══ DATASET EXTRACT ══

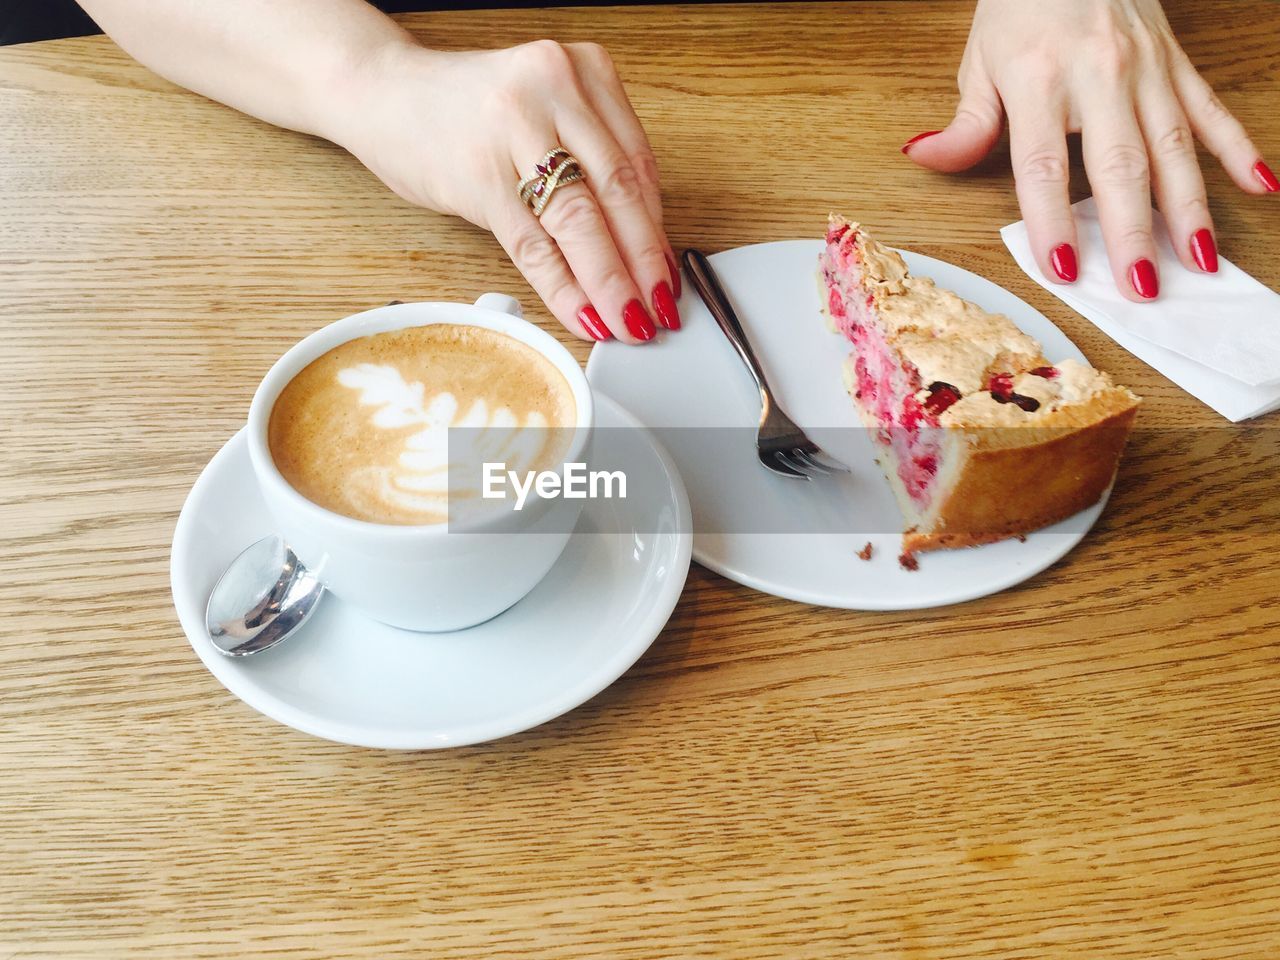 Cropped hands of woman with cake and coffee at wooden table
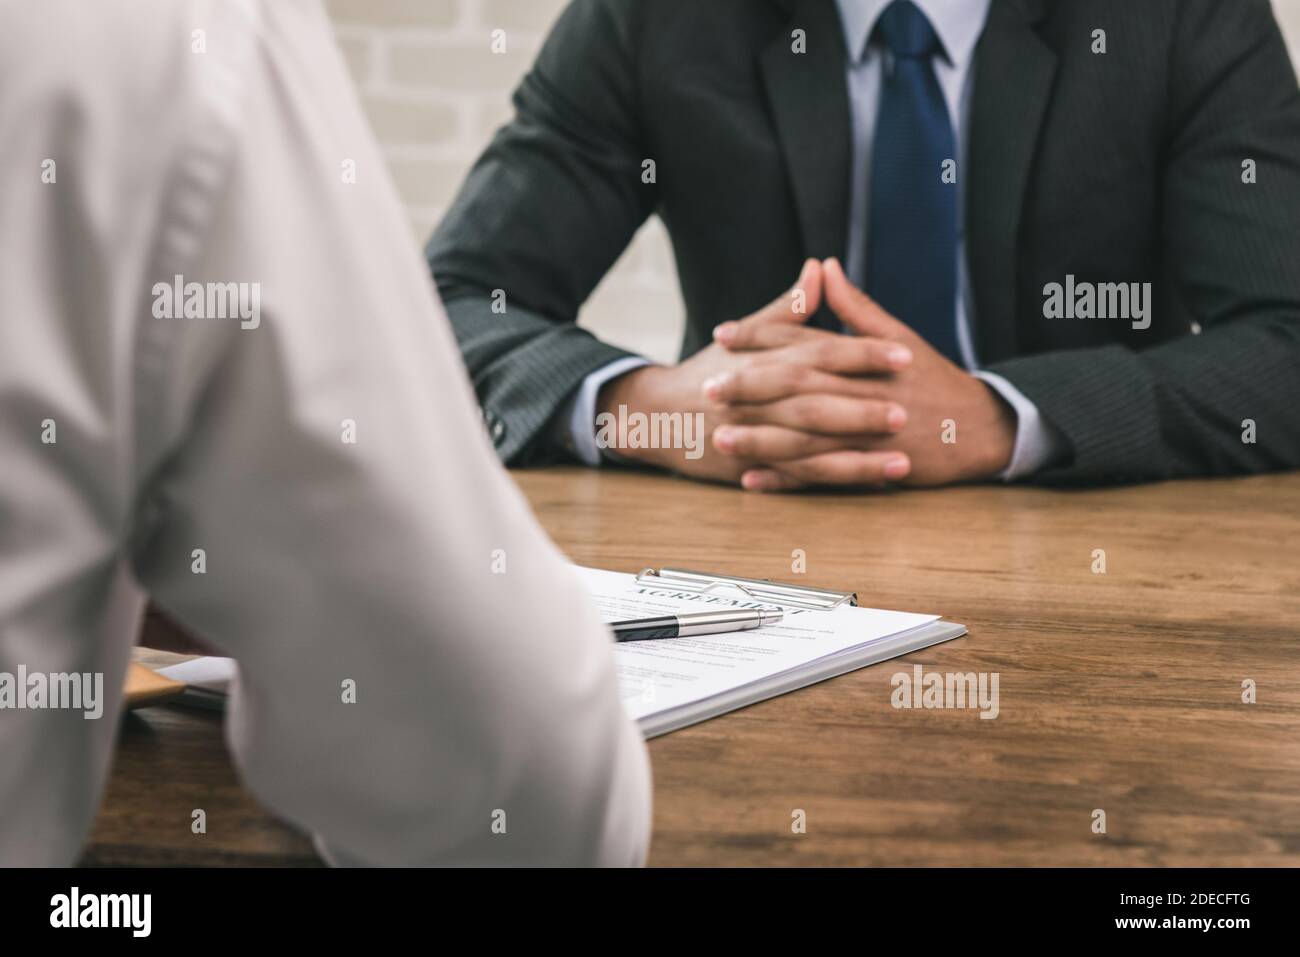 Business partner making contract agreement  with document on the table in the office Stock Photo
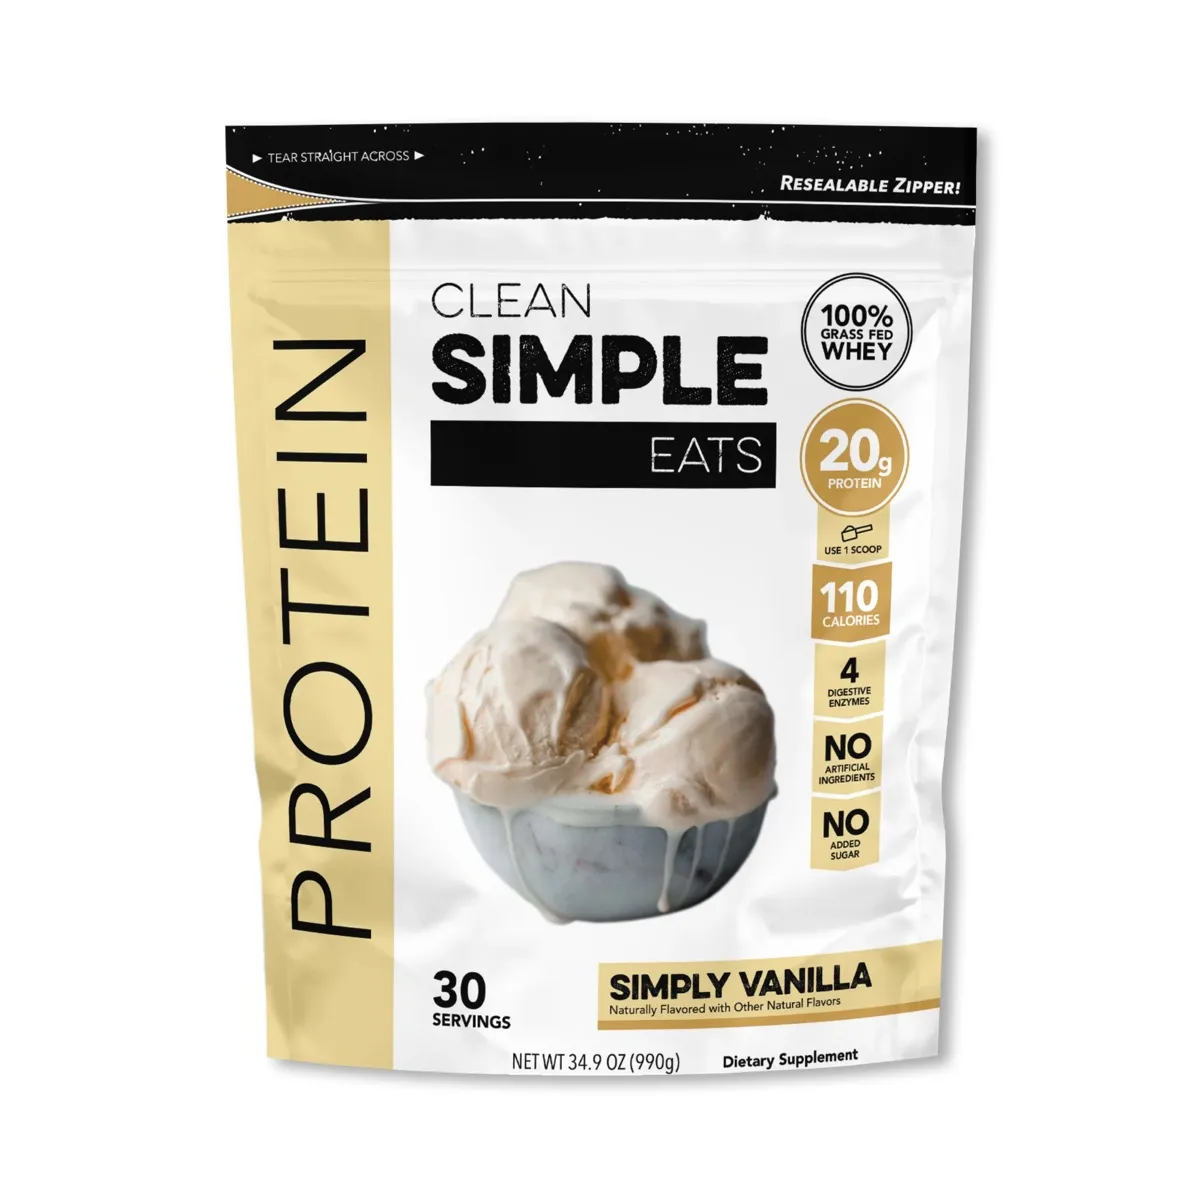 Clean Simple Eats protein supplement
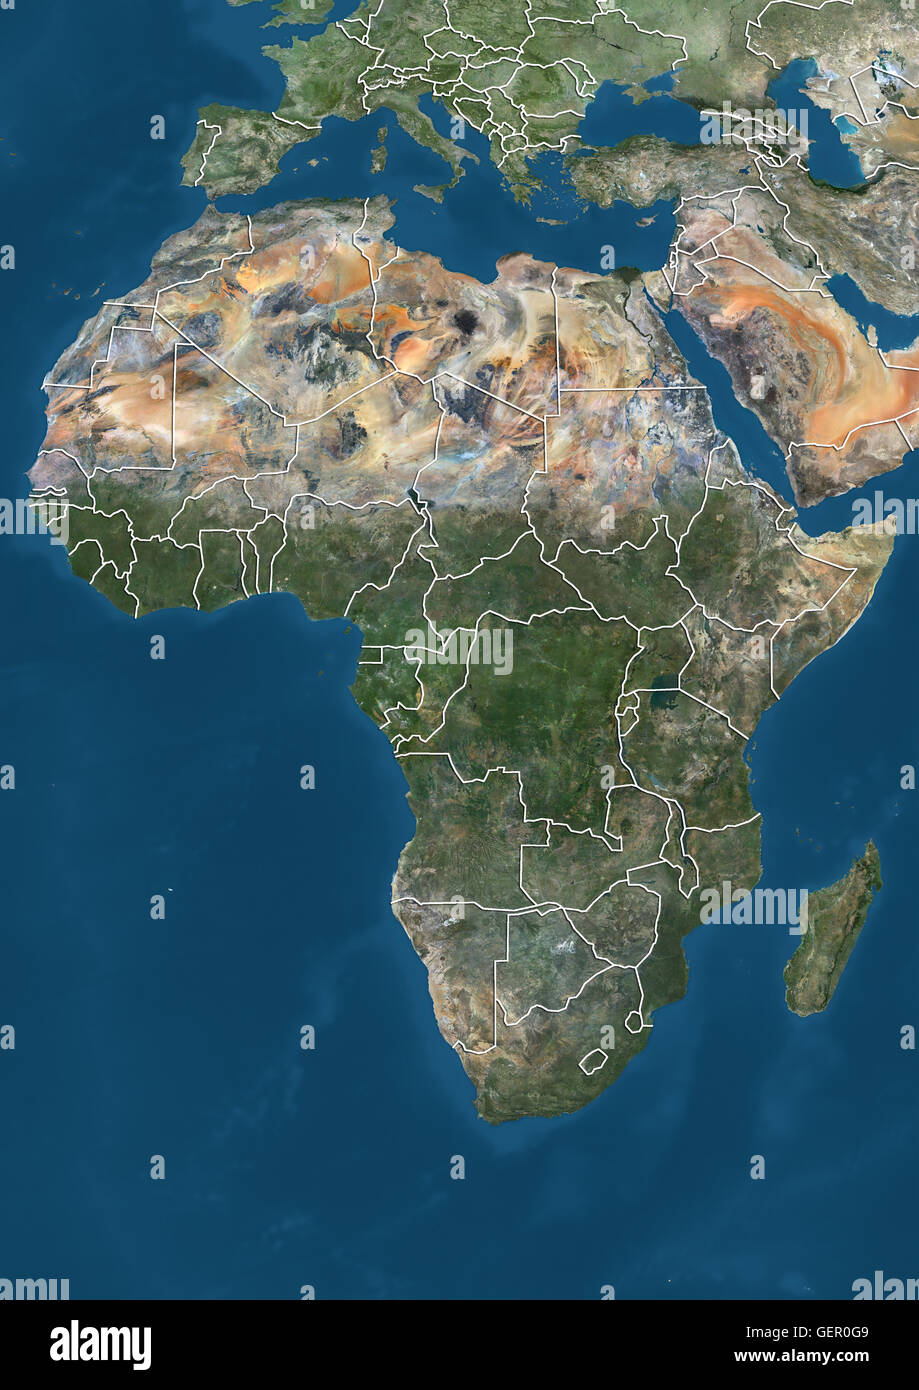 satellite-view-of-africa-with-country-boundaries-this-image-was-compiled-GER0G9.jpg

═══

EXERCISE AIM:
Leave every picture out. Retype the remaining data exactly.

RESULT OF THE TASK:
 Cropped hands of woman with cake and coffee at wooden table
 Business partner making contract agreement  with document on the table in the office Stock Photo
 Clean Simple Eats protein supplement
 satellite-view-of-africa-with-country-boundaries-this-image-was-compiled-GER0G9.jpg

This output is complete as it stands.